2021-05-27 18:24:47

Silero Models: pre-trained enterprise-grade STT / TTS models and benchmarks.
Enterprise-grade STT made refreshingly simple (seriously, see benchmarks). We provide quality comparable to Google's STT (and sometimes even better) and we are not Google.
As a bonus:
• No Kaldi;
• No compilation;
• No 20-step instructions;
Also we have published TTS models that satisfy the following criteria:
• One-line usage;
• A large library of voices;
• A fully end-to-end pipeline;
• Naturally sounding speech;
• No GPU or training required;
• Minimalism and lack of dependencies;
• Faster than real-time on one CPU thread (!!!);
• Support for 16kHz and 8kHz out of the box;
Speech-To-Text
All of the provided models are listed in the models.yml file.

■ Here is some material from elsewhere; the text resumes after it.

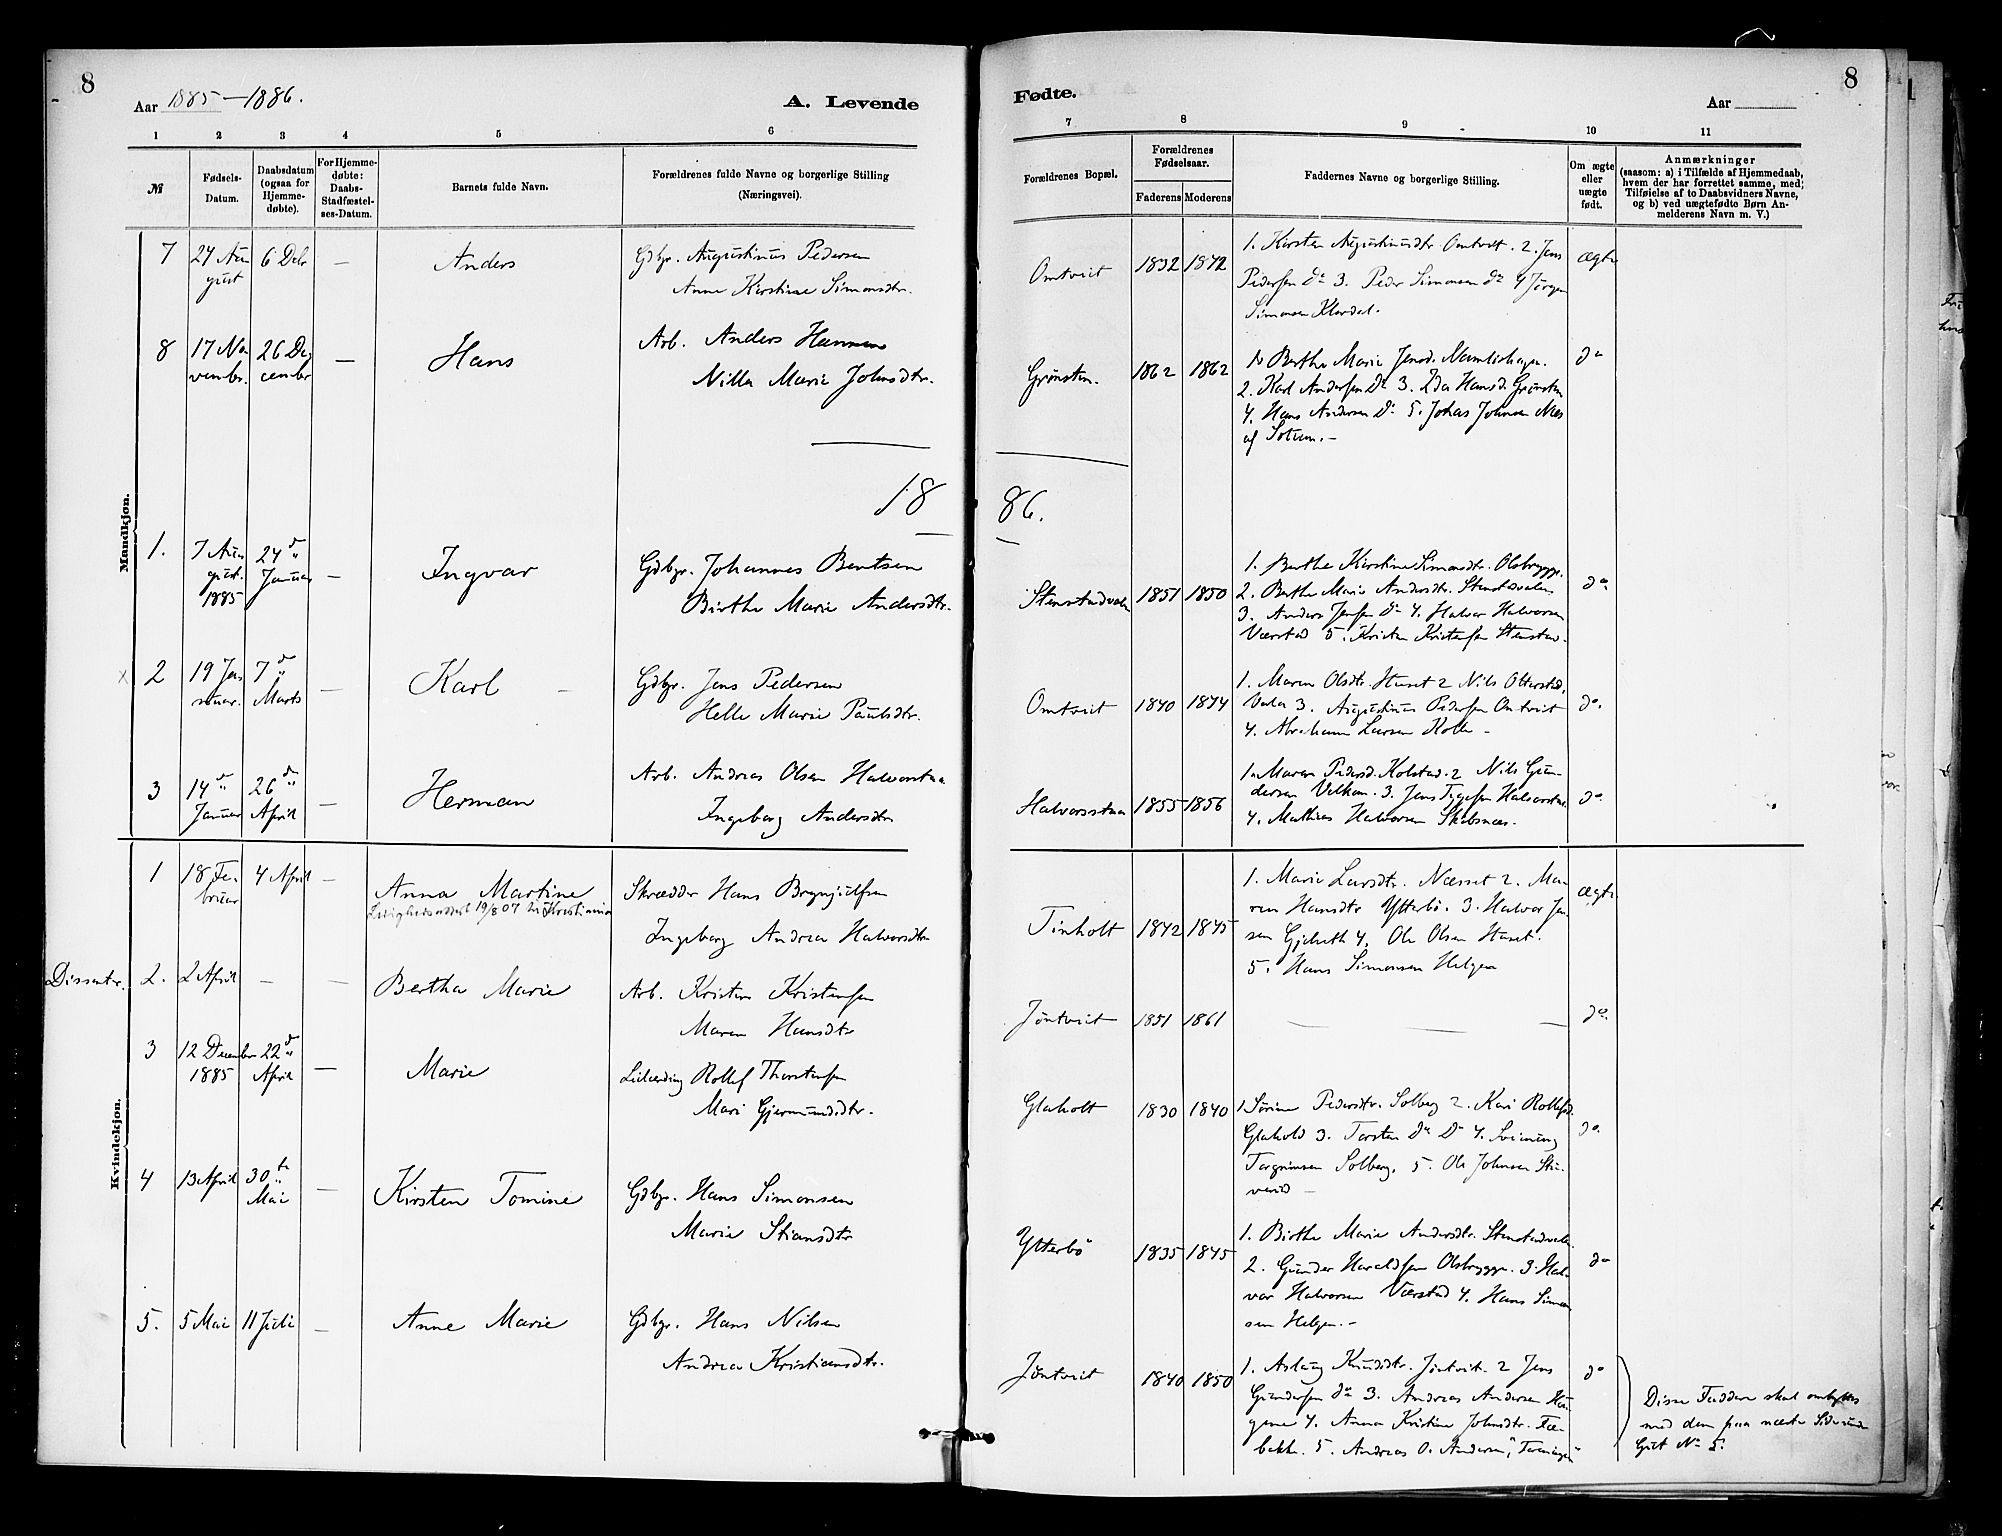 SAKO, Holla kirkebøker, F/Fa/L0009: Ministerialbok nr. 9, 1881-1897, s. 8
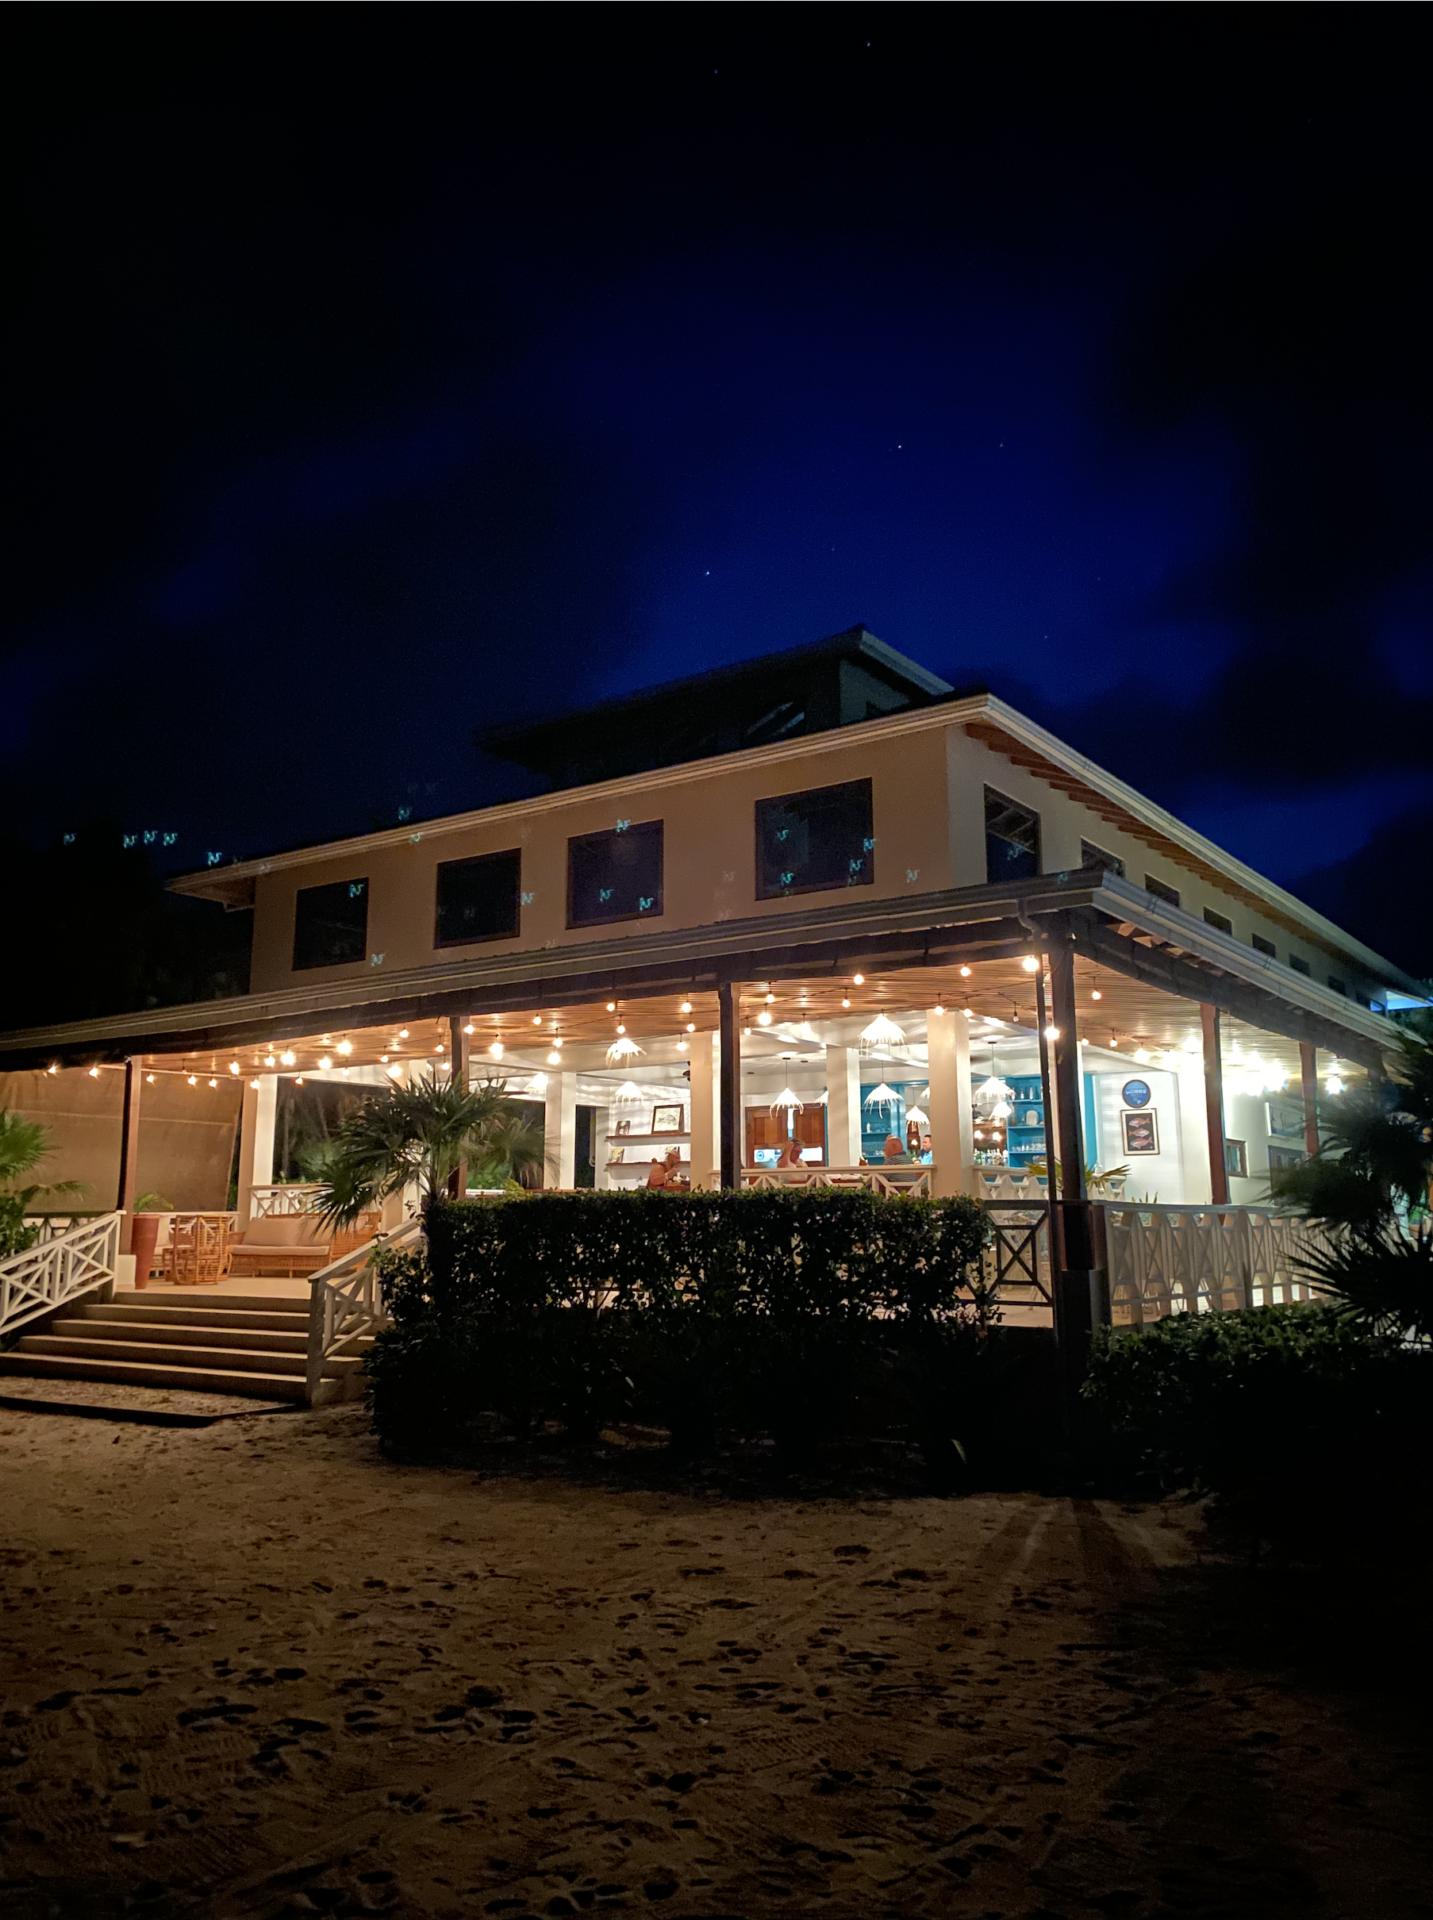 naia-resort-spa-placencia-belize-night

Any meta-data and newer versions will be added there.
You can look it on the link:
https://github.com/snakers4/silero-models

2021-05-27 18:25:54 (edited by jonikster 2021-05-27 18:26:07)

Why am I interested in this? These guys agreed to make several new synthesizers for Uzbek, Tajik, Persian and some other languages.
I tried to run it for Windows, and it was very, very difficult!
The question is, is it possible to create a NVDA or SAPPY synthesizer from this?
Dear developers, please look at it and comment. I like the quality of voices, but it's possible to run only from the code!

2021-05-27 18:54:13

maybe. Depends if they support finding word boundaries or not.  If not, it might be doable but lower quality.  however "runs in realtime on a CPU" may not mean what you think and it's probably incredibly terrible on a laptop in terms of battery life and system responsiveness.  Expect very high latency.  It's likely that it will be difficult to stream the output of the model, and it may take up to seconds to generate speech.  If it takes 1 second for 2 seconds of speech, that's still "faster than realtime", but not good enough for your screen reader.

My Blog
Twitter: @ajhicks1992

2021-05-27 20:21:27

Here is a simple example. The only problem, Audio is an array of audio data to play or write to the file. While I don't know how.
Attention! Here is Russian text, but it is possible to use an English model with English text.

import os
import torch
from utils import *

device = torch.device('cpu')
torch.set_grad_enabled(False)
symbols = '_~абвгдеёжзийклмнопрстуфхцчшщъыьэюя +.,!?…:;–'
local_file = 'model.jit'

if not os.path.isfile(local_file):
  torch.hub.download_url_to_file('https://models.silero.ai/models/tts/ru/v1_kseniya_16000.jit',
                                 local_file)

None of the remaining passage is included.